The performers take turns playing the role of the Mother. This interchangeability draws into focus both the potentially unnecessary division of who says what in theatre, and the assumptions we make as to who can say, speak to, or represent what. At one point they discuss “fake powerlessness for social invisibility,” which is one of several lasting insights into the role of “the mother” in our (contemporary) society. The mother is called “elderly babushka” and “old lady.” No one suspects her to have revolutionary intent. To think of the myriad ways these assumptions allow for/induce social invisibility is mind-boggling.

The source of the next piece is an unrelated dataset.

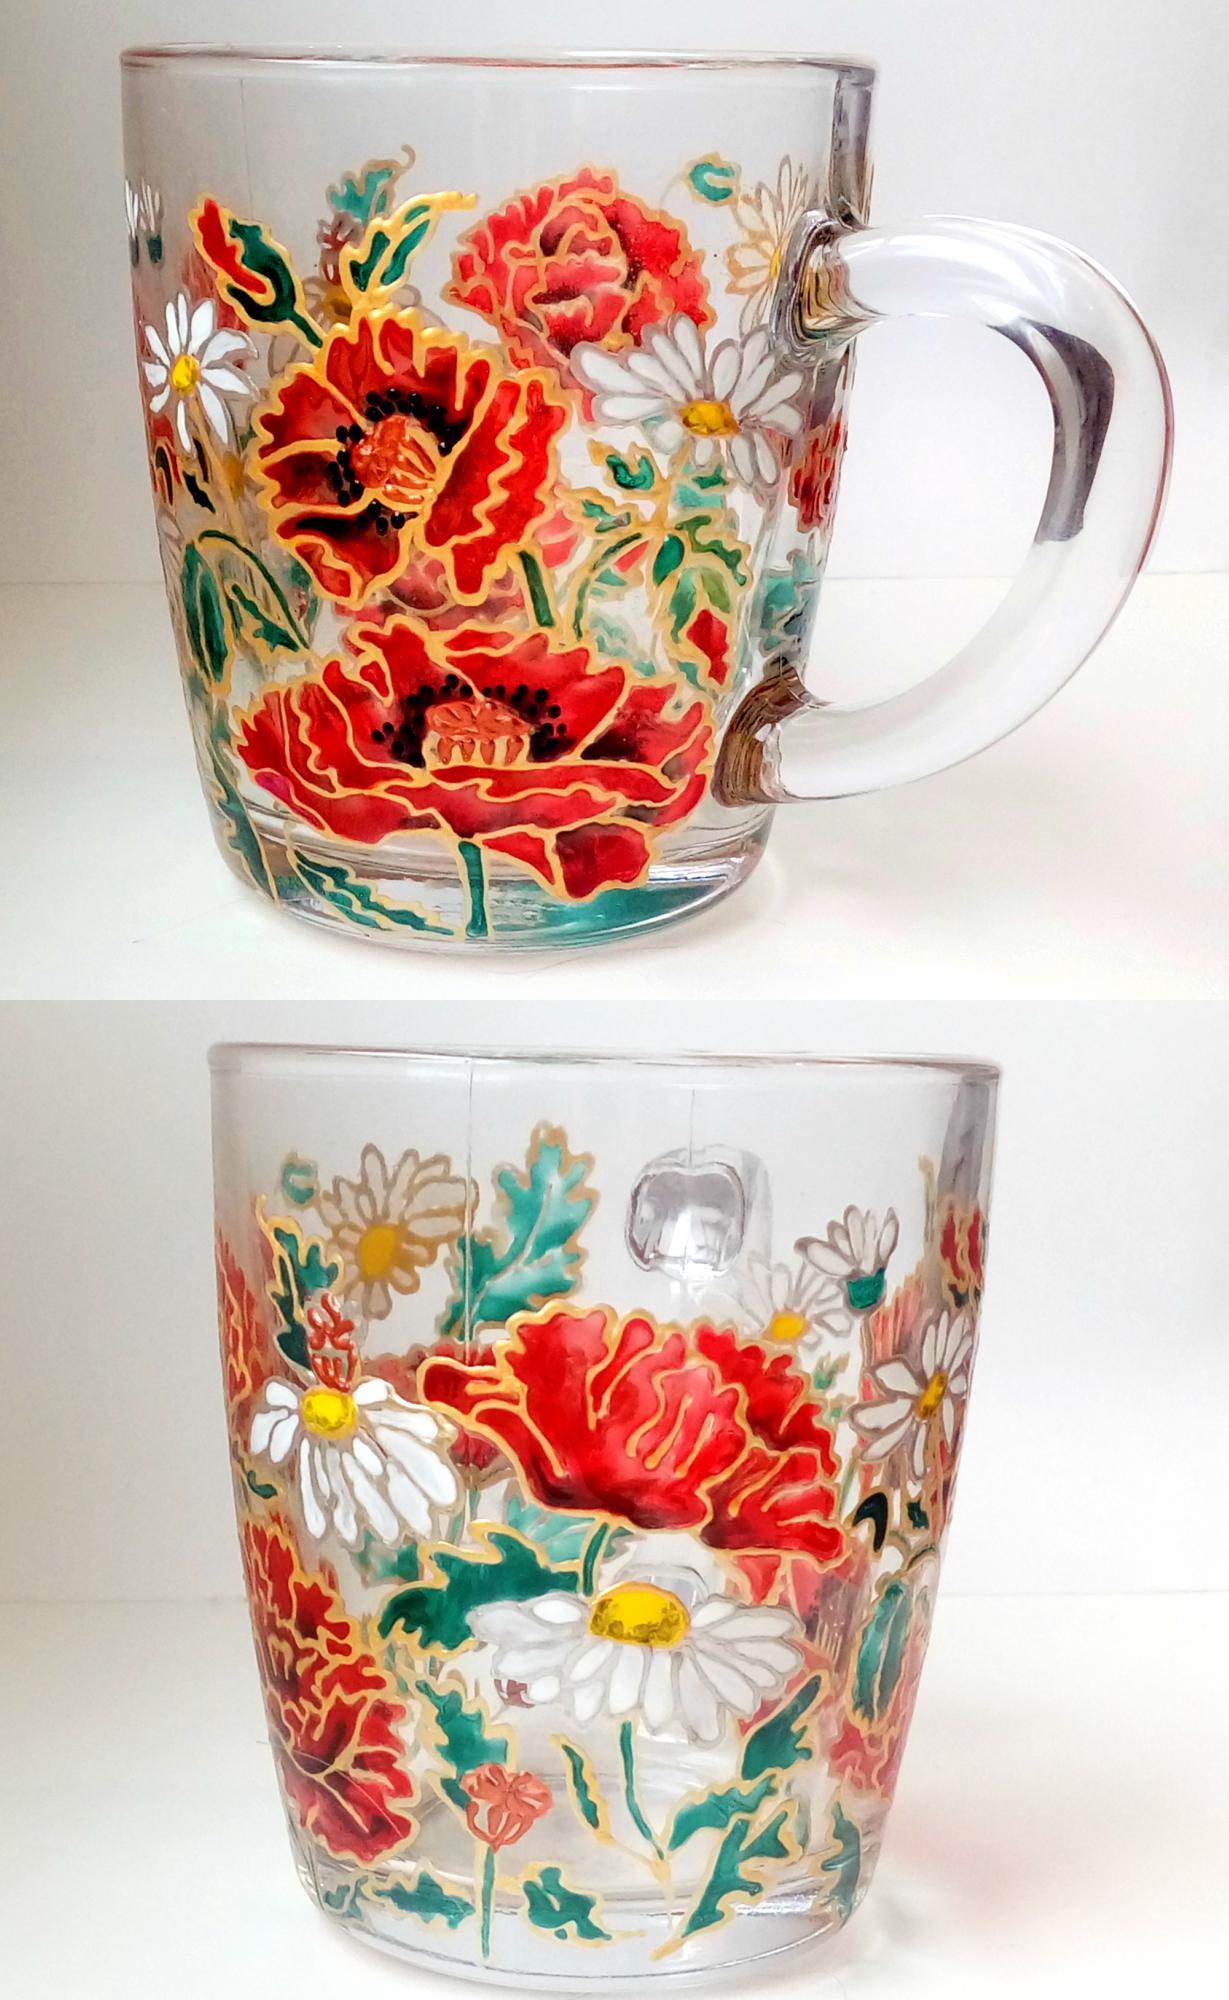 Stained glass coffee mug, personalized custom mug, gift

The next questions are inevitable: Is social invisibility a disadvantage or a power? What might one do with their invisibility once its been assigned to them?

  1. insertion of realism, humor, and/or complication of narrative via personal anecdote

As they change clothes, the performers engage in casual conversation. Gordon asks Gaines: “How’s your mother doing?” Segade steers the conversation into a realm that could still be conversational, but feels slightly more performative: “That reminds me…” He goes on to discuss the aesthetic and historical implications of staging a performance in a white box: a white box’s “historical referent is modernism, which is weird” because that space has now become “contentless and depoliticized.” The play continues.

  1. code of ethics rooted in common sense, conveyed through performative decisions

As the performers link arms and face the audience in single-file formation, they sing of the harsh realities of labor, government, and, maybe, life in general: “Nothing you do does anything.” Later, during a song called “In Praise of Communism,” the lyrics go: “They call it crazy, but it cures craziness.” In this way, the lessons of the play are so simple that they seem not just humorous but irrefutable.

  1. physical rigor

When they choose an audience member to wave a large flag back and forth as the rest of us recite a text projected on the wall, the performers caution him: “It’s a slightly demanding part physically.”

  1. audience participation as both conduit for and manifestation of thematic intent

Gordon interrupts a “teach-in” narrative to give Segade a critique of his teacher character. A question evolves from their dialogue: “How can we use our intersectional class position” (as artists) to enact change in this bankrupt world? They ask the audience to give them a show of hands in answer to several questions about our occupations, then finish with a song called “Before we destroy them all (and that will be soon)”, effectively unifying performers and audience alike on the side of revolution.

It is hard to imagine a more “of the times” performance collective than My Barbarian, but then, just as the times keep changing so does the nature of the performance art that processes, challenges, and informs them. And yet: just as ideals of revolution and liberation were at the fore in the thirties, they are leading exponents in our conversations today. It’s hard not to assume that, decades from now, our conversations will still be those concerned with a more simple, human-centric, equitable freedom.